How can interested parties get a copy of the XML versions of the descriptions? Soon, we plan to provide a webpage that provides direct downloading of this content. In the meantime, however, we have a bit more editing to do and we also need to finalize our management of the versioning of the XML schema. We will name our current “working” schema version 1.0 (and so label each description that conforms to it), since we foresee the need to change certain details in a year or two: version 1.1. For the moment, people who wish to obtain copies of the “working” XML resource should contact Jimi or me directly, or send a comment to the format sustainability website.
Would you consider sharing the XML via a collaborative platform like GitHub? That would make it easy for people to extend the entries and for you to fold those changes back if you want them.
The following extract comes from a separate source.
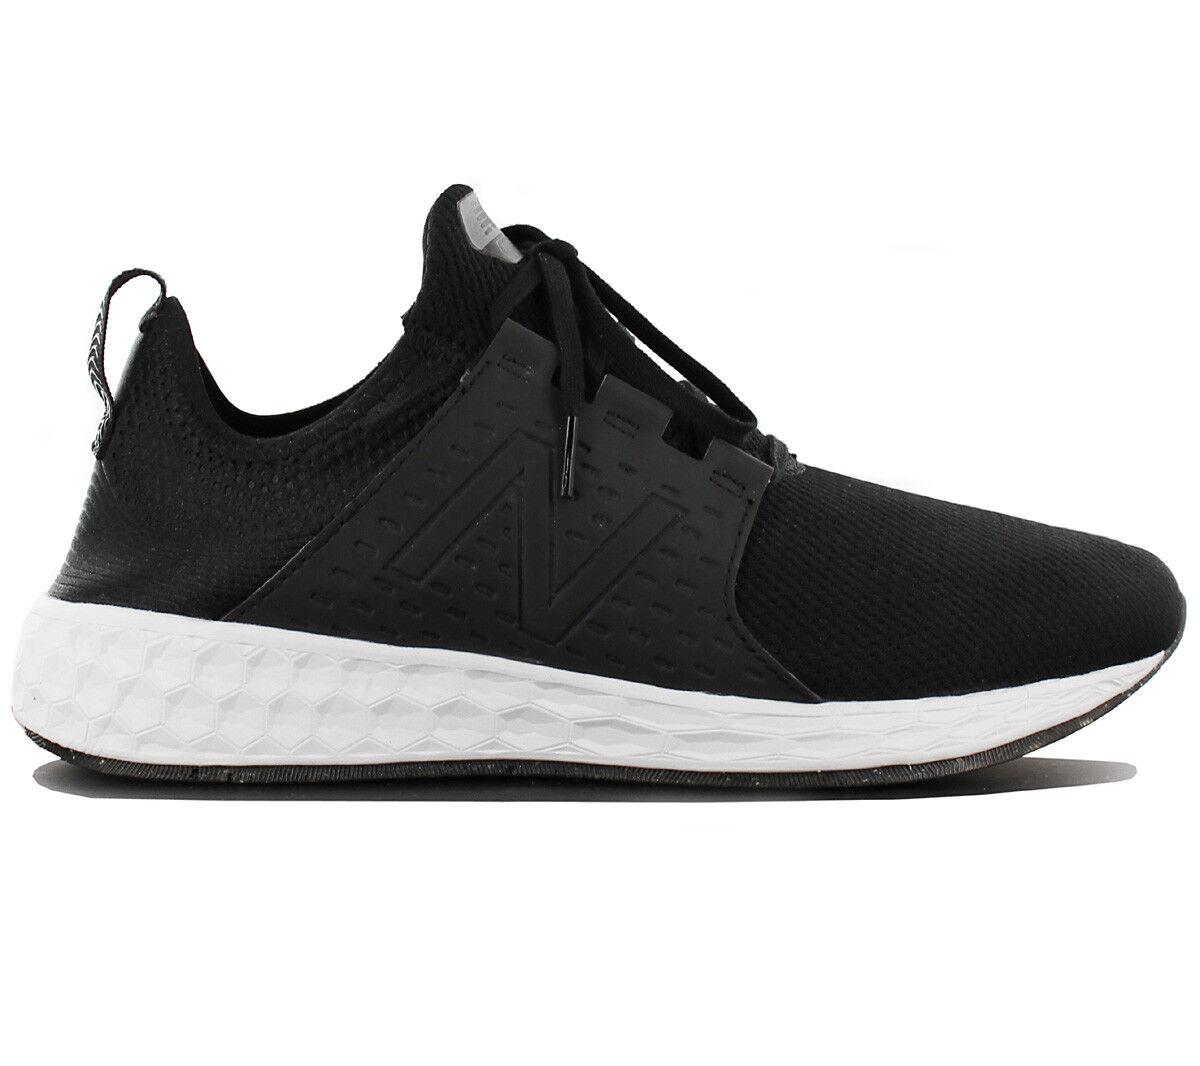 New balance Fresh foam cruz mcruzsb señores running fitness zapatos nuevo zapatillas
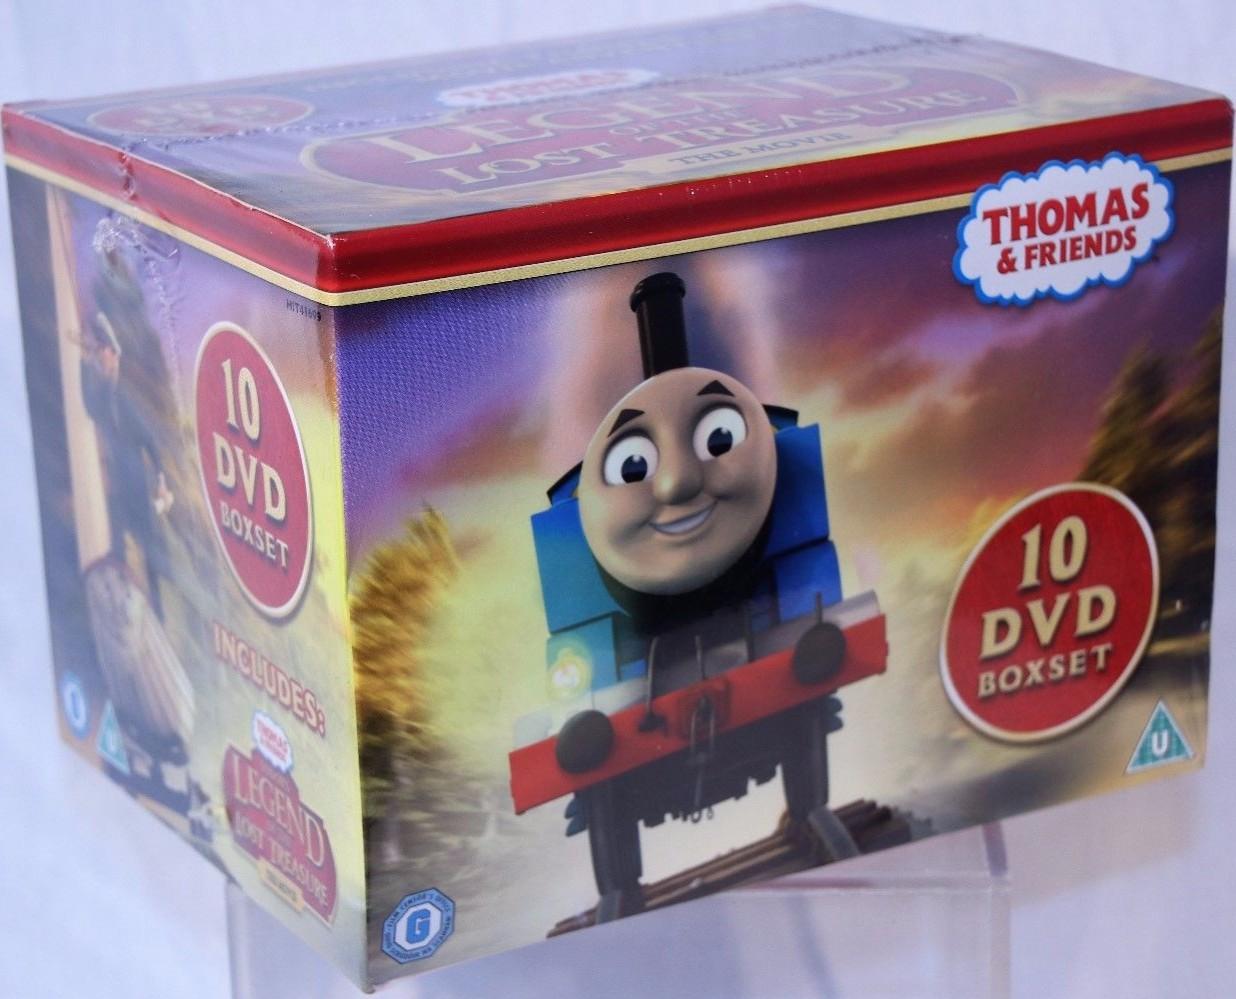 10 DVD Boxset (2015)

Thank you for the comment. Our use of the format data at the Library is best supported by the “human-readable” HTML-based online presentation that we will maintain. The idea for the XML versions of the texts is to provide a way to hand off the information for others to use in other applications. Meanwhile, regarding the compilation of the information in the first place, we do seek (and have received) inputs from readers at our comments page (http://www.digitalpreservation.gov/formats/contact_format.shtml) and then we correct errors or add new information. This is a side project for all concerned and for the moment we have no resources to explore different technology.